Both he and Joe Larsen, who is also an attorney, said an arrest is a legitimate public concern where there can be no right to privacy.

“Access to mug shots could help the public understand if there was potential abuse of someone when they were arrested,” Marshall said. “If they have cuts on their face or a black eye, that would allow the public to say, ‘Hey, what happened here?’ There could be a perfectly reasonable explanation, but that type of physical evidence is, I think, important.”

Larsen posed another hypothetical. What if a man charged with robbing a bank bonds out of jail and then doesn’t come to court?

“You don’t think the sheriff would put the photo out there so they could locate that guy and bring him back to justice? It happens all the time. To say that unless there’s a conviction or deferred adjudication, they’re not going to release that mug shot, to me, it is, on its face, false,” he said.

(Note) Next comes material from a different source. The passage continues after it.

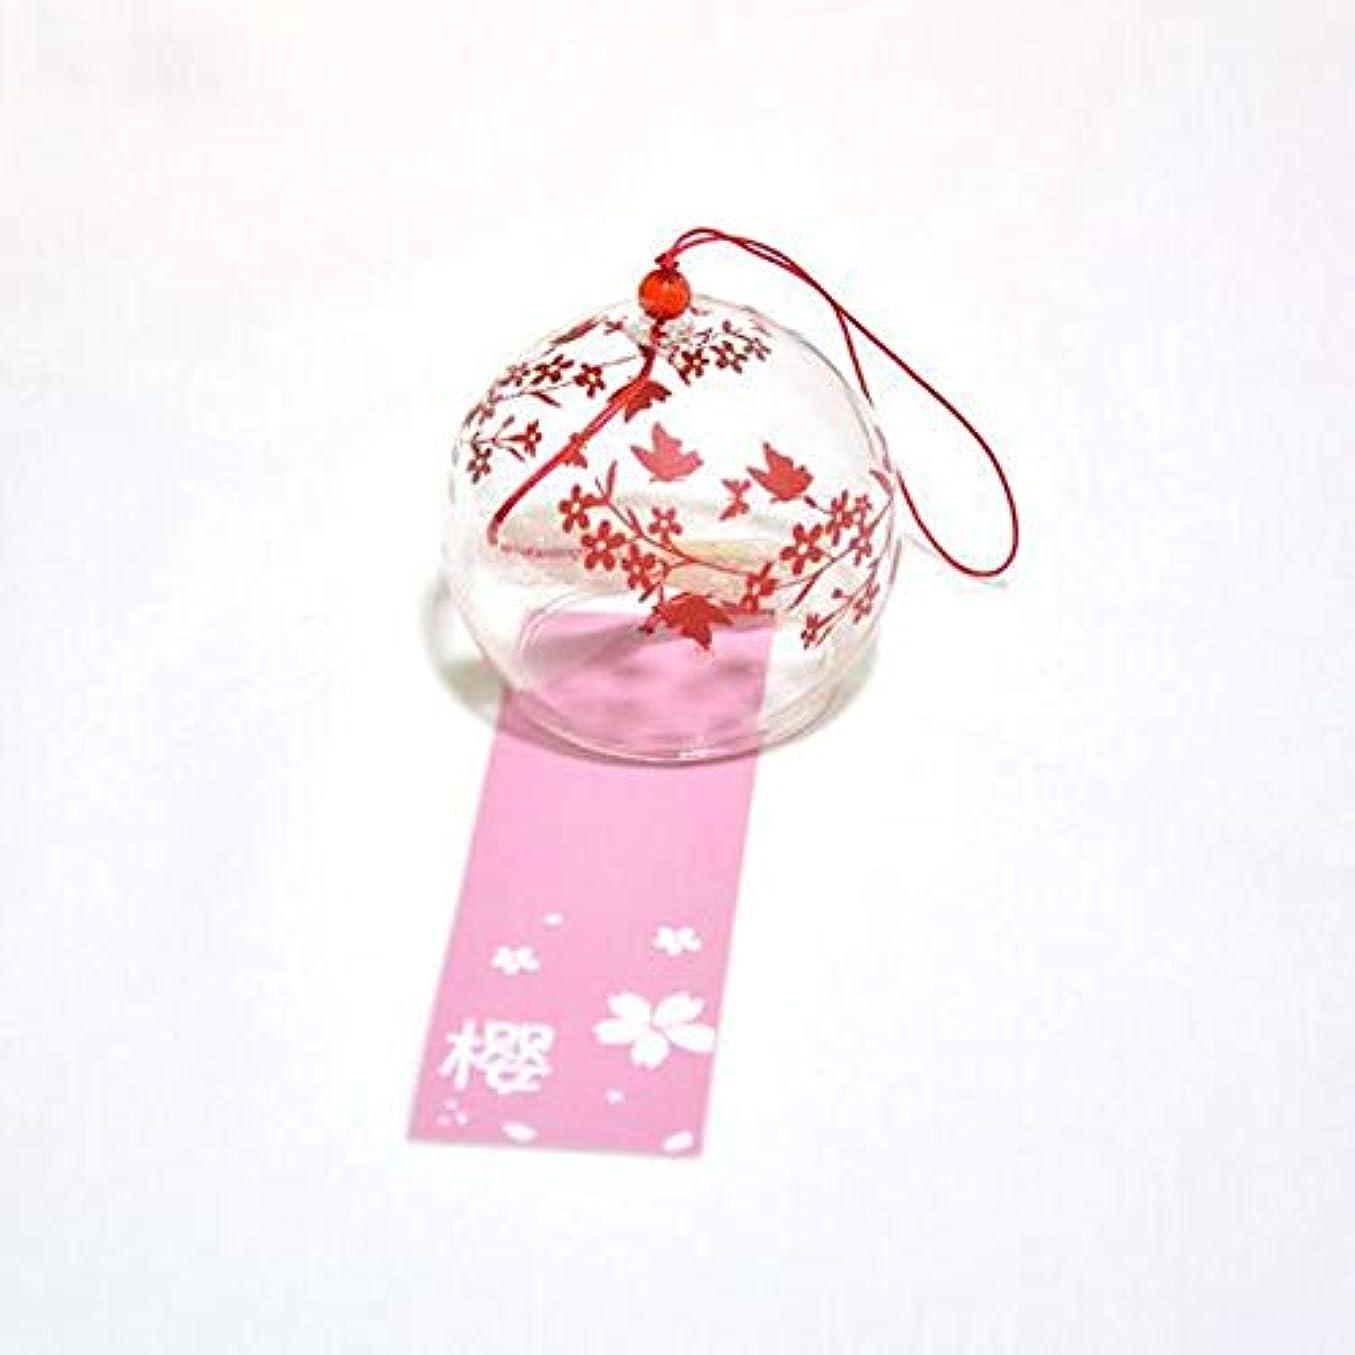 アクションオンス綺麗なQiyuezhuangshi 風チャイム、手描きのグラス風チャイム、透明、サイズ6 * 7CM,美しいホリデーギフト (Color : Red)

Mug shots show the physical condition of the arrestee, which is one of the 18 categories of basic information the AG determined in 1976 must be disclosed by law enforcement about an arrest or incident, even if a criminal case is ongoing, Larsen said.

Right now, the AG does not consider mug shots to be basic information. That may not change until the requester sues for the release of the mug shot, he said.

For James Clark, who has lived in Quail Creek for 14 years, mug shots don’t matter as much to him as where crime is occurring and what deputies are doing about it.

“I’d like to see it, personally, but the thing is if you have an innocent person that has gotten kicked loose, that mug shot, that picture is always going to be there, and in some people’s eyes, they will always be guilty,” Clark said.

He reads the Victoria Advocate’s blotter daily and becomes upset when he doesn’t see the reports of crime in his neighborhood that he knows have happened. The Advocate has requested timely release of sheriff’s office incident reports for several years, Editor Chris Cobler said.

Recently, some of Clark’s neighbors have been busted for cooking meth in their home. Another neighbor had their home broken into, Clark said.

“For example, if you have a bunch of muggings going on at the H-E-B Plus parking lot and nothing ever makes the newspaper, nobody is going to know what’s happening, are they?” Clark said. “If they know what’s happening, they can be more watchful.”

Chief Deputy Roy Boyd wrote in a statement the person who took over the responsibility of releasing that information mistakenly thought he or she could only disclose arrests. Boyd wrote that this has since been corrected.